En ese momento percibió el olor del miedo, el sudor amargo que pronto distinguió en sí mismo. La emanación era intensa. El cuarto olía a miedo. En el silencio recuperan el aliento para luego perderlo de nuevo. Una sirena aúlla atrapada en el tráfico.

 

Marte esquina con San Antonio

 

Le gustaría voltear para verlo, pero se contiene porque lo atemoriza pensar que verá una ventana vacía más. Eso contribuiría a su sensación de saciedad, que lo era de desesperanza. Una vez que el entusiasmo declinaba, los amantes lo aburrían.
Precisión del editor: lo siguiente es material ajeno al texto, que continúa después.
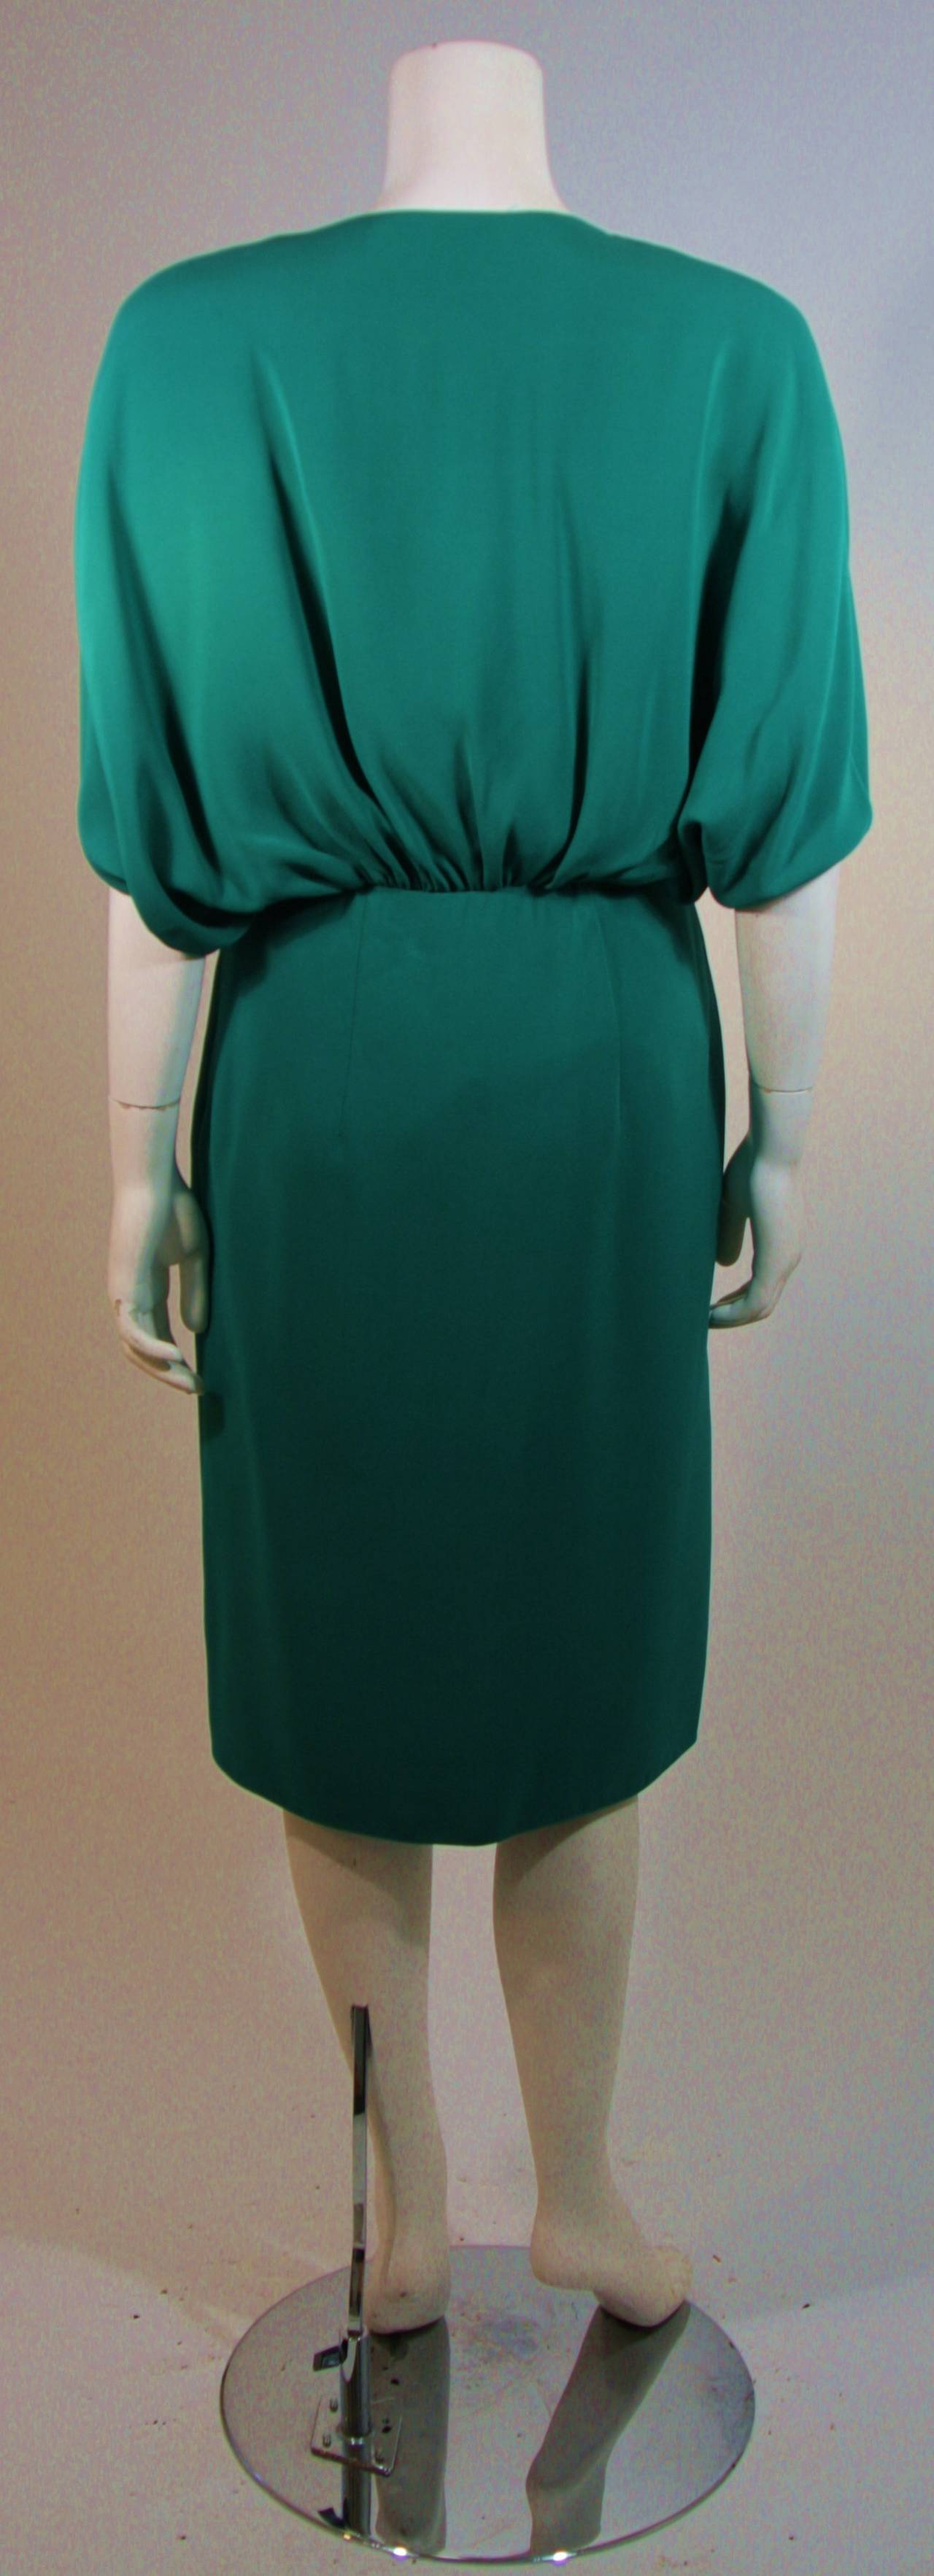 Valentino Green Silk Cocktail Dress with Plunge Neckline Size 8 For Sale 2
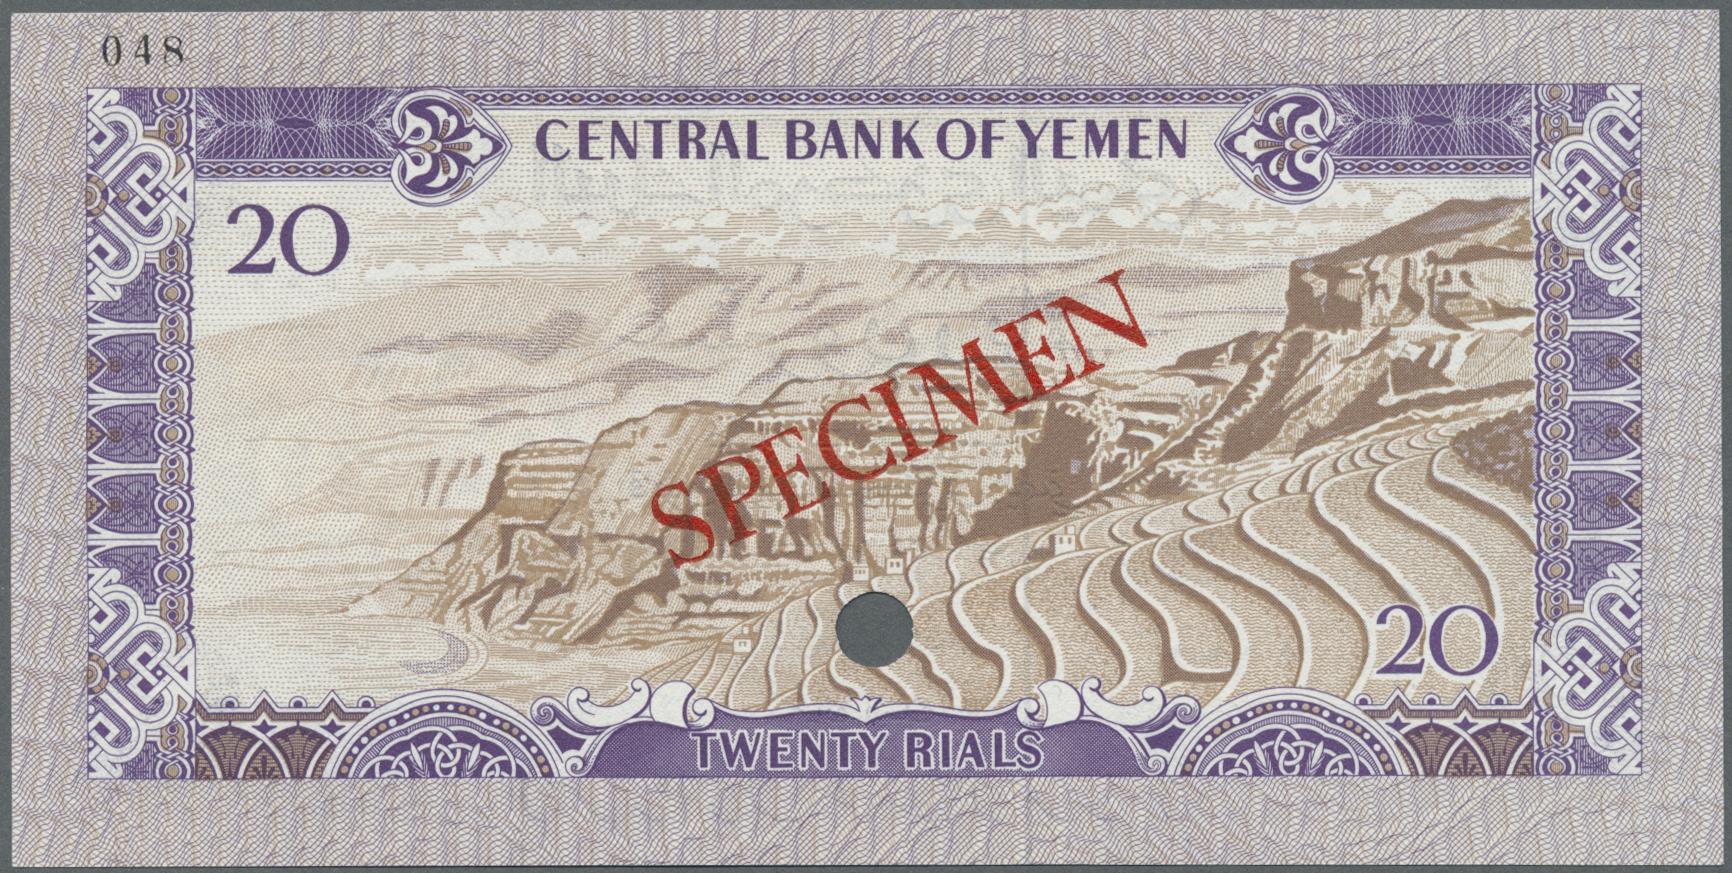 Lot 2262 - Yemen / Jemen | Banknoten  -  Auktionshaus Christoph Gärtner GmbH & Co. KG Banknotes & Coins Auction #39 Day 2

Daba por sentado que la sensación era recíproca, así que con frecuencia los encuentros se reducían a un intercambio sexual cuyo encanto comenzaba a desgastarse.

La avenida desmesurada por la que ahora circula fue de doble sentido con camellón al centro y algunos árboles maltrechos. El tranvía uniría el centro de la ciudad con su extremo sur. Había líneas semejantes al suroeste que vinculaban lo que entonces seguían siendo aldeas relativamente independientes unas de otras. Era un recorrido entre vergeles porque la tierra era fértil y el agua abundante. Era una ciudad vertical, de casas chaparras y un cielo muy alto. Un pueblo grande. Eso fue hace mucho tiempo.

Desde el coche en movimiento todo es fugaz. Imposible olvidar el ruido del motor del helicóptero, tan cercano, y el ojo luminoso que recorría las habitaciones. Nunca había presenciado nada semejante, como si la realidad hubiese sido editada. Todo puede suceder. La desnudez de la habitación en la oscuridad subraya una intimidad inédita. Recordarlo le acorta el aliento.

Se distrae pensando que aún a esta hora la ciudad exige eficiencia. Su ajetreo impone que los transeúntes sepan a dónde se dirigen, prevean su ruta y, mediante la repetición, la dominen. Hay diversas formas de llegar a un punto, pero elegimos unas calles en favor de otras porque para ir es suficiente girar a la derecha y para regresar, hacerlo a la izquierda, porque así se ahorra tiempo o porque preferimos la ruta panorámica. Cada uno domina lo que hace y, viendo su veloz determinación, incluso cuando se equivocan, parecen hacerlo a propósito.

Cabecea recordando a José, el cuerpo moreno y delgado, segmentado por rayas de sombra precisamente cuando el coche se detiene. Abre los ojos para ver dónde está, pero descubre un panorama ajeno. Se alarma, seguro de que fue víctima de un secuestro.

Tendrían que haber continuado por la avenida, pero lo que se alza allí afuera es inconcebible. En lugar de otra avenida, o de fachadas, hay una columna enorme y robusta y tan alta que se pierde en la iridiscencia nocturna. Es como la ruina monumental de una ciudad fascinante. Cuanto consideraba dado desaparece. ¿Cómo sucedió esto? Ésa no es la pregunta, y lo sabe. ¿Cómo que “cómo”? Así nomás. ¿Cuántas veces se lo habían advertido? Encima de todo, pendejo.

Esto se decía perplejo ante la columna, al lado y detrás de la cual se alzaban otras igualmente portentosas; y más lejos vio que sobre una se erizaba una estructura que pareciera haber caído allí. Había otros coches que esperaban impacientemente la señal para arrancar, aunque algunos ya estaban a la mitad de la intersección, en su ansiedad por moverse, pero eran pocos.

Pensó que lo más atemorizante era que lo encerraran en un lugar oscuro y confinado, pero luego sopesó también el terror a ser mutilado. Aunque no fuera rico, tenía amistades y parientes que no lo dejarían morir destazado. A continuación, acaso flaqueándole la confianza, calculó huir, lanzarse a la avenida y cruzarla esforzándose por no morir en el intento.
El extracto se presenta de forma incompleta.